Source material:

= = = =

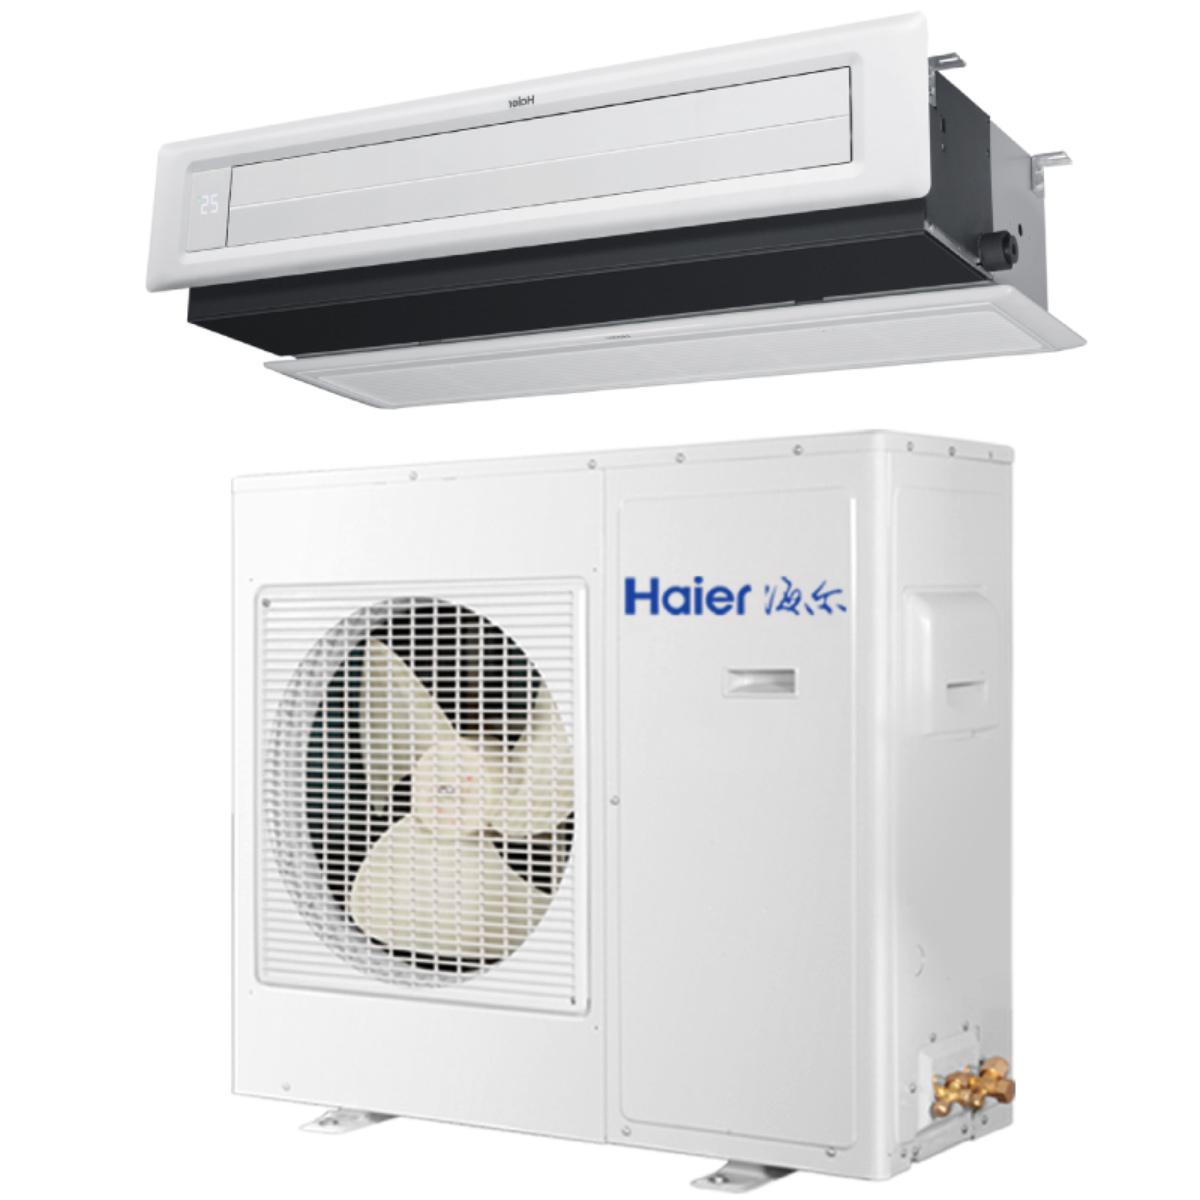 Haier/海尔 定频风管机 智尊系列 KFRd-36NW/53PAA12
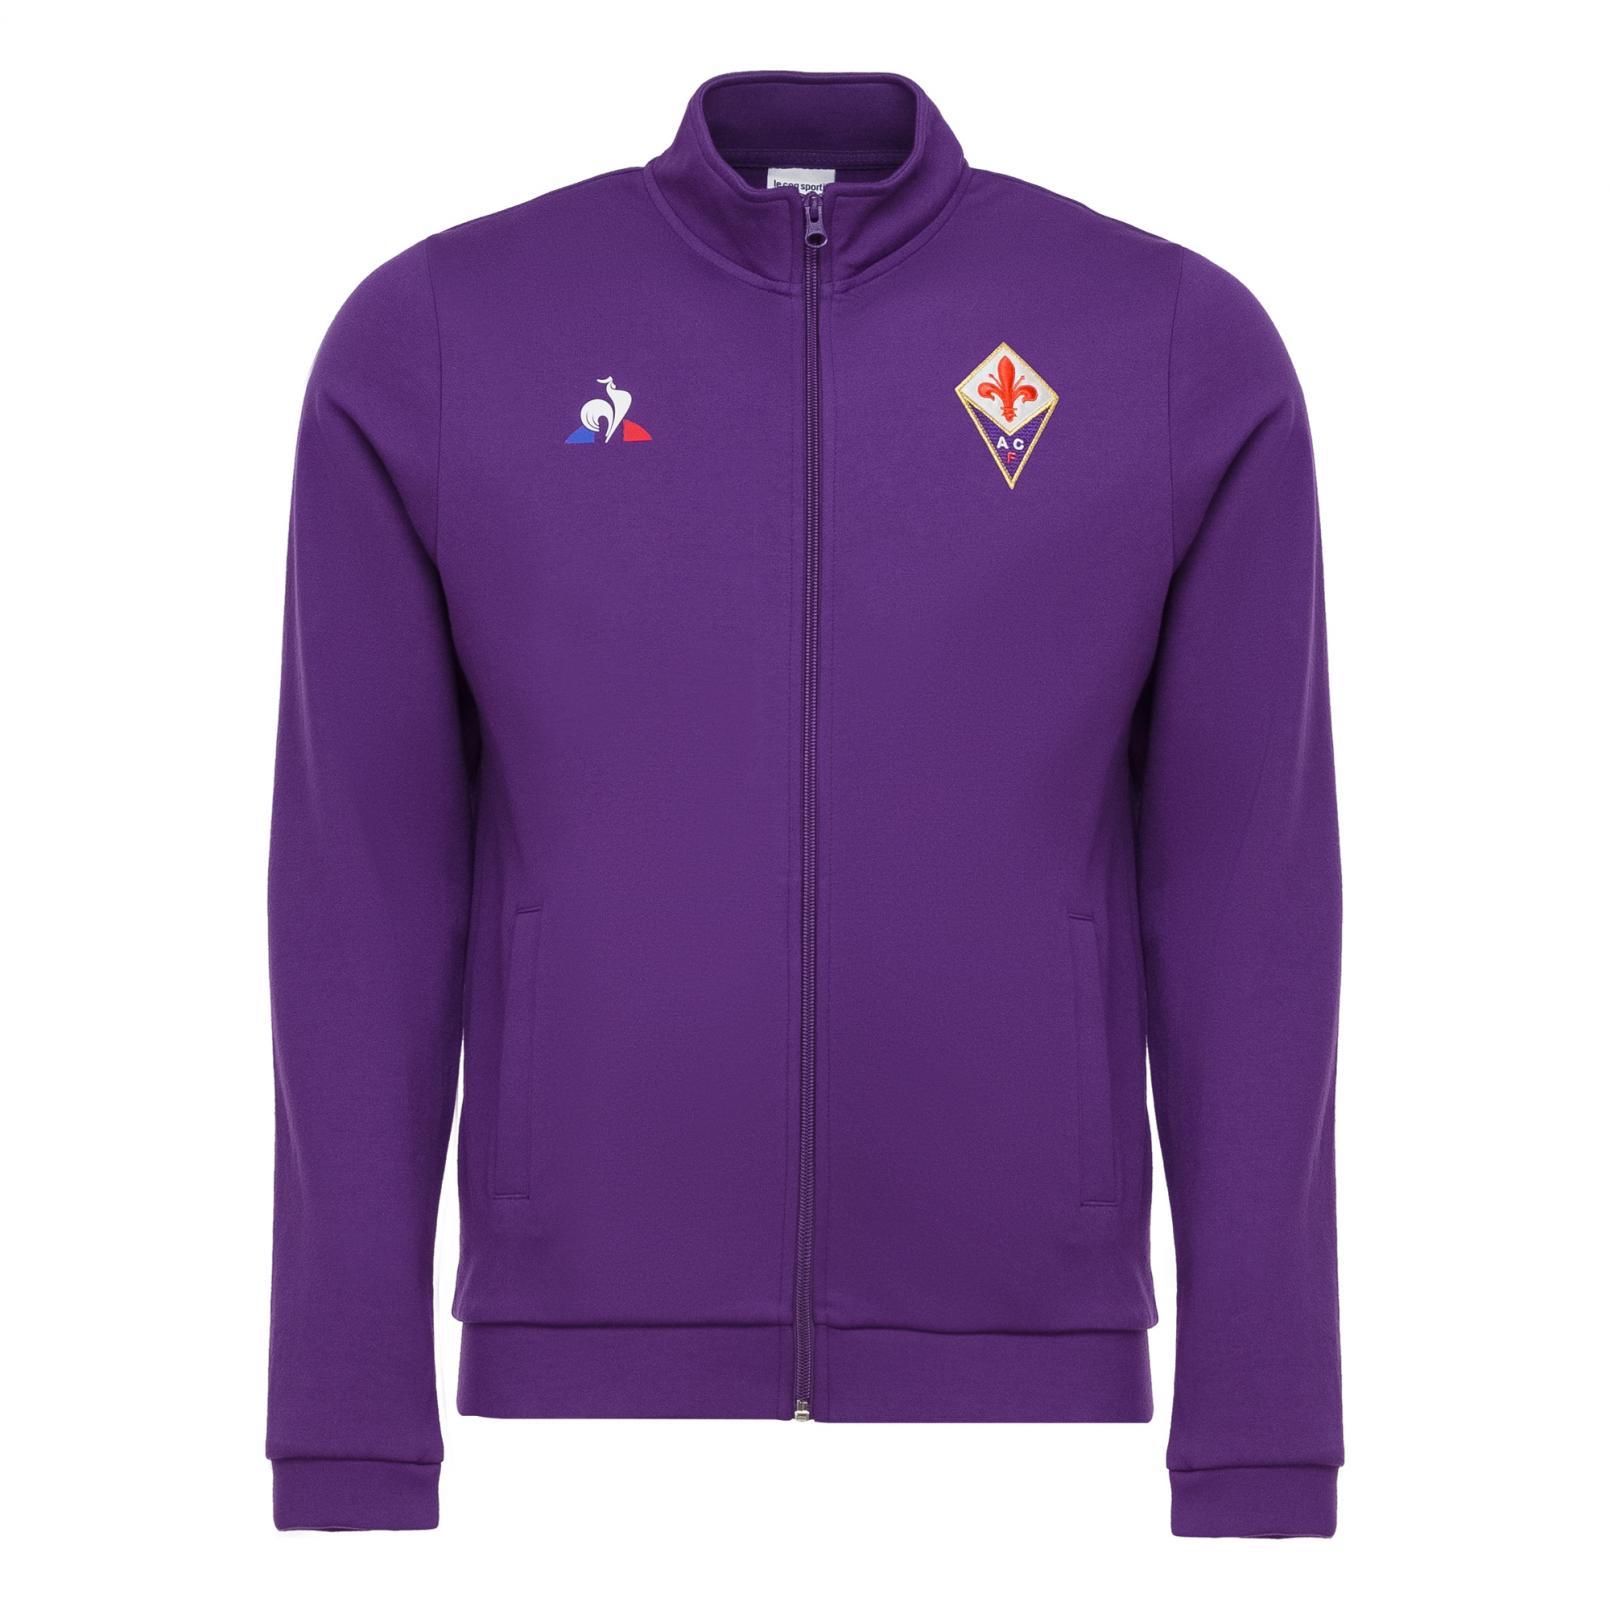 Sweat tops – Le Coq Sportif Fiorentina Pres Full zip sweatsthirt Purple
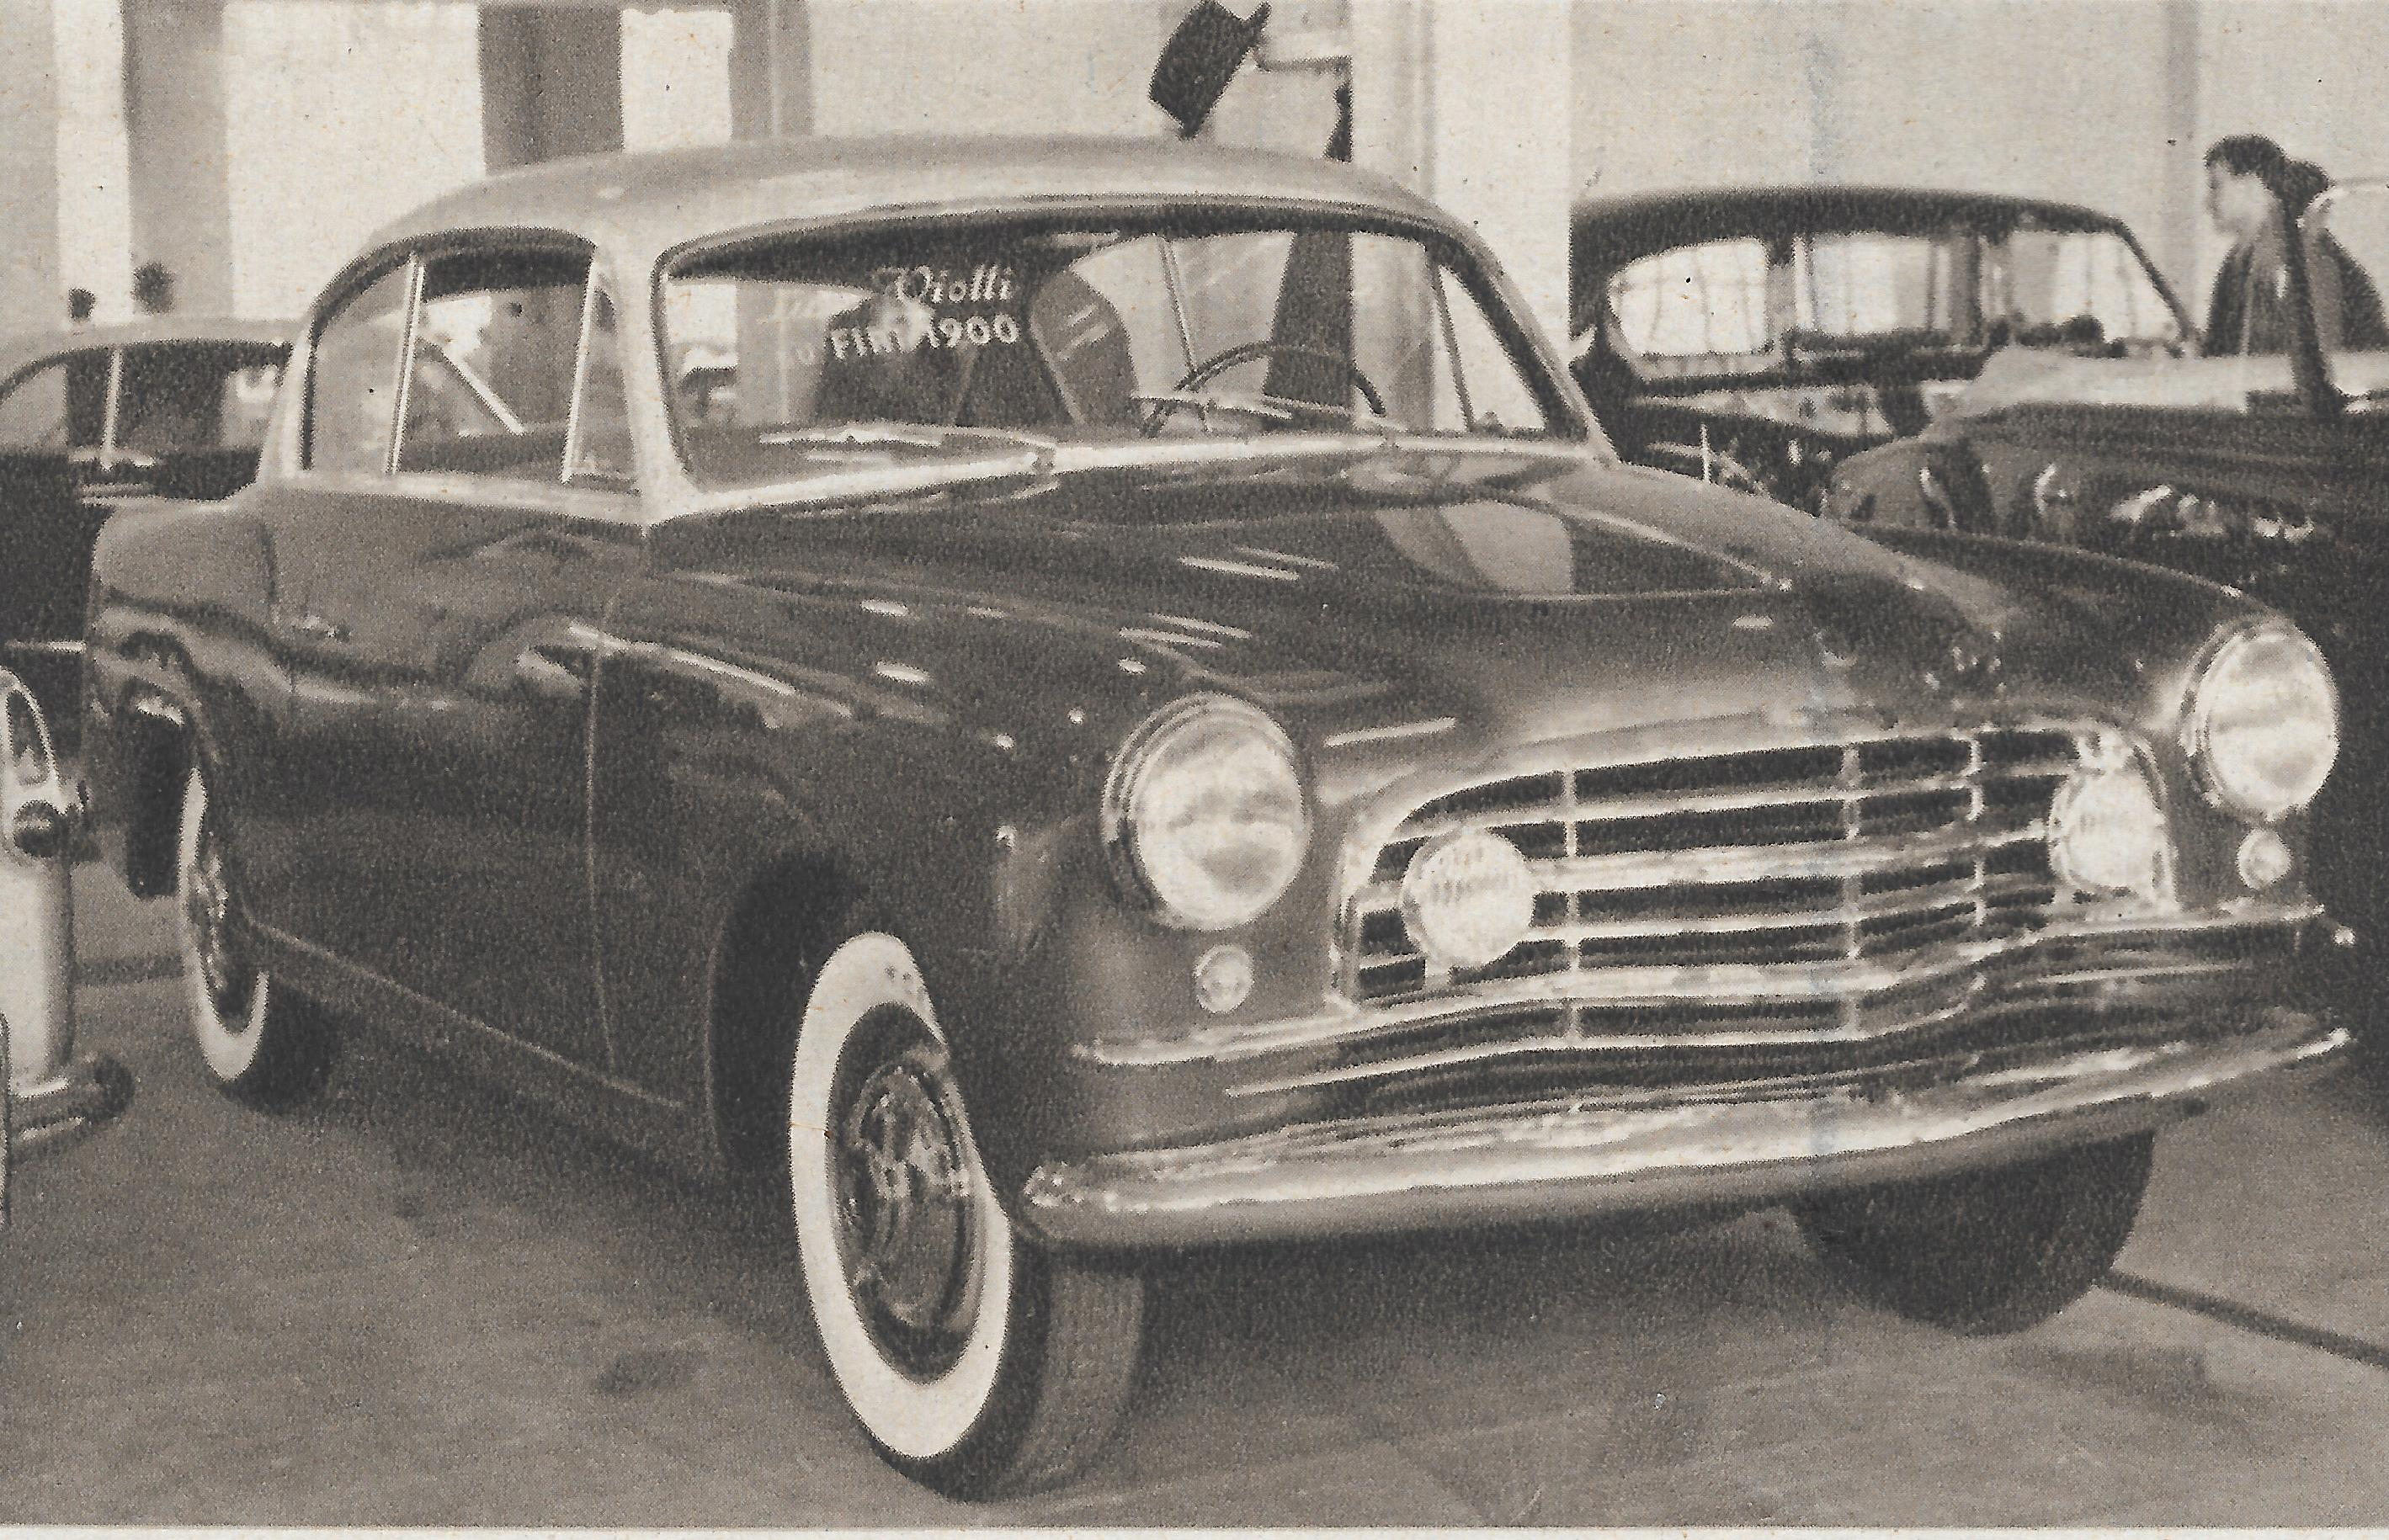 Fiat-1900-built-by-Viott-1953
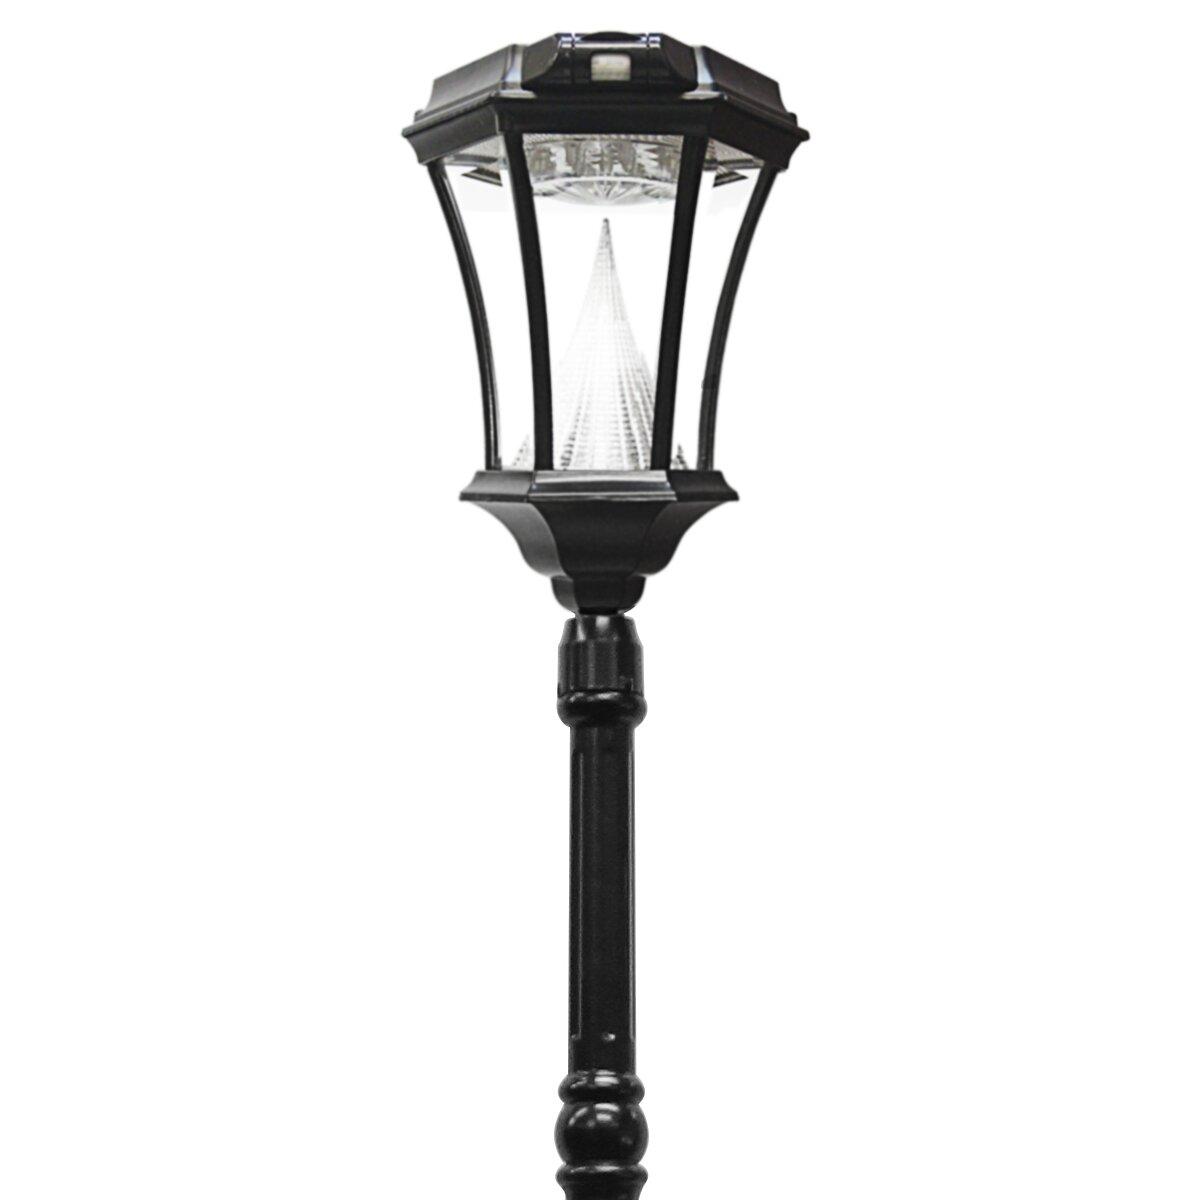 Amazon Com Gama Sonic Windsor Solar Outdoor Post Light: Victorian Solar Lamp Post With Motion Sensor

= = = =

What you should do: Once the pictures are dropped, repeat the data above exactly.

Task result:
 Haier/海尔 定频风管机 智尊系列 KFRd-36NW/53PAA12
 Sweat tops – Le Coq Sportif Fiorentina Pres Full zip sweatsthirt Purple
 Fiat-1900-built-by-Viott-1953
 Amazon Com Gama Sonic Windsor Solar Outdoor Post Light: Victorian Solar Lamp Post With Motion Sensor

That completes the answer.